Last month, the DC Council took an important step to help low and moderate income families struggling with high housing costs. They did this by passing reforms to Schedule H, a refundable tax credit for DC residents that spend a particularly high portion of their incomes on property taxes. This tax credit is available to renters as well as homeowners, since renters pay property taxes, too, just indirectly through their rent. This makes the Schedule H tax credit an important tool to help all DC residents with housing challenges.
But one critical step remains before residents can take advantage of this help. Mayor Gray or the DC Council must allocate funding for the improvements to the Schedule H tax credit in the DC budget for Fiscal Year 2014.
The DC Council made the following changes to make the tax credit more effective:
Increasing the Number of Residents Who Can Get Help with High Housing Costs. The DC Council raised the income eligibility for Schedule H from $20,000 to $50,000, which would allow thousands of additional families to get help, including the vast majority of DC residents with severe housing burdens (spending more than half of their income on housing).
Increasing the Help Residents Can Receive. The DC Council increased the maximum annual credit from $750, which had not been adjusted since the 1970s, to $1,000. This will make Schedule H more effective at helping the most vulnerable families in the District.

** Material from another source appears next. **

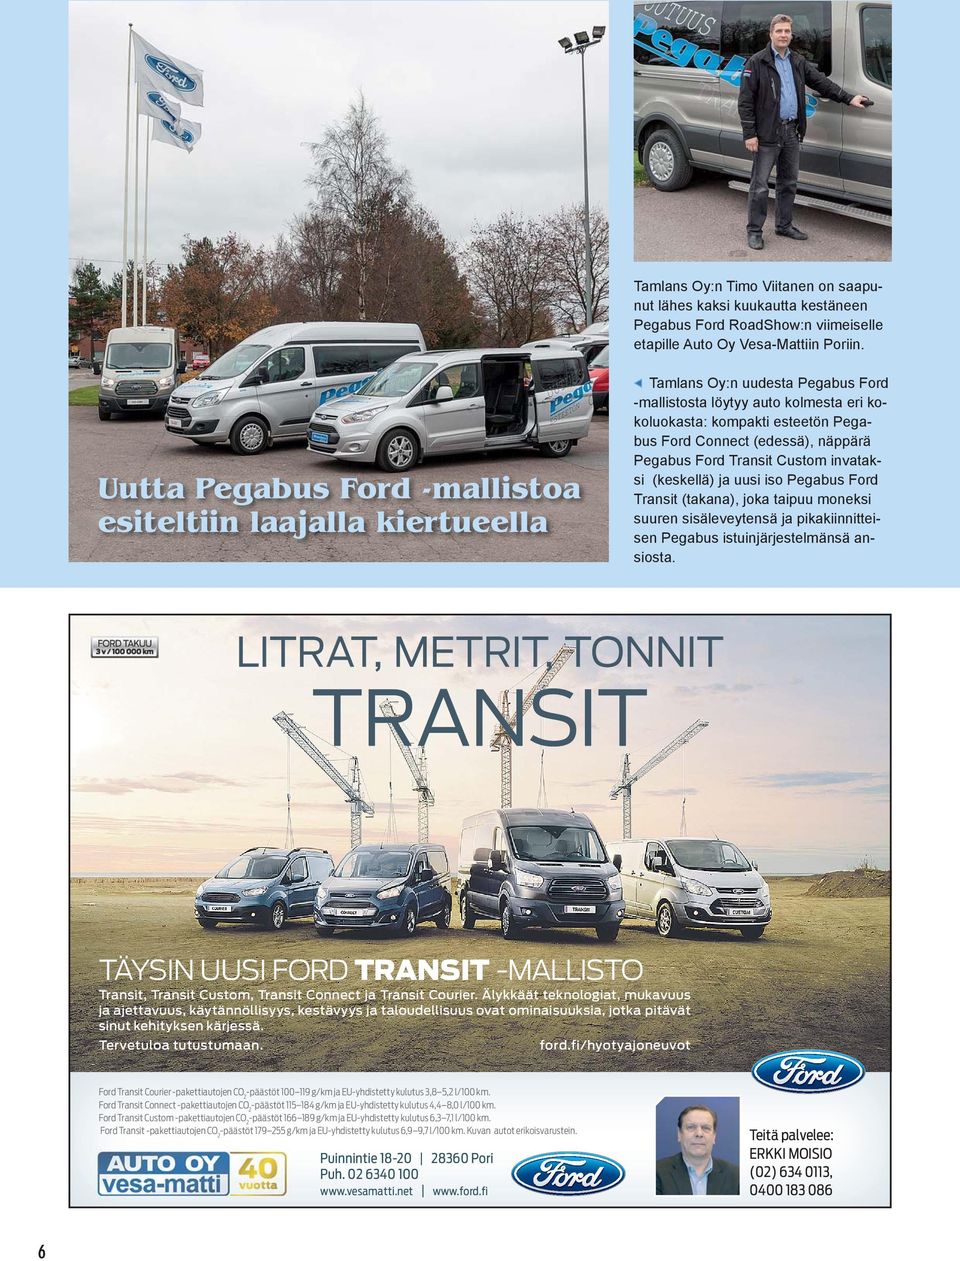 näppärä Pegabus Ford Transit Custom invataksi (keskellä) ja uusi iso Pegabus Ford Transit (takana), joka taipuu moneksi suuren sisäleveytensä ja pikakiinnitteisen Pegabus istuinjärjestelmänsä

Making it Easier for Eligible Families to Apply. The new legislation eliminated several cumbersome rules that made applying and qualifying difficult. These changes should help households get the tax benefits they are eligible for, and reverse the very low rate of participation in Schedule H
Improving DC’s low income property tax credit is an excellent way to target relief to District renters and homeowners who need it the most. Now, we just need to make sure that the District government provides the funding to make these improvements a reality.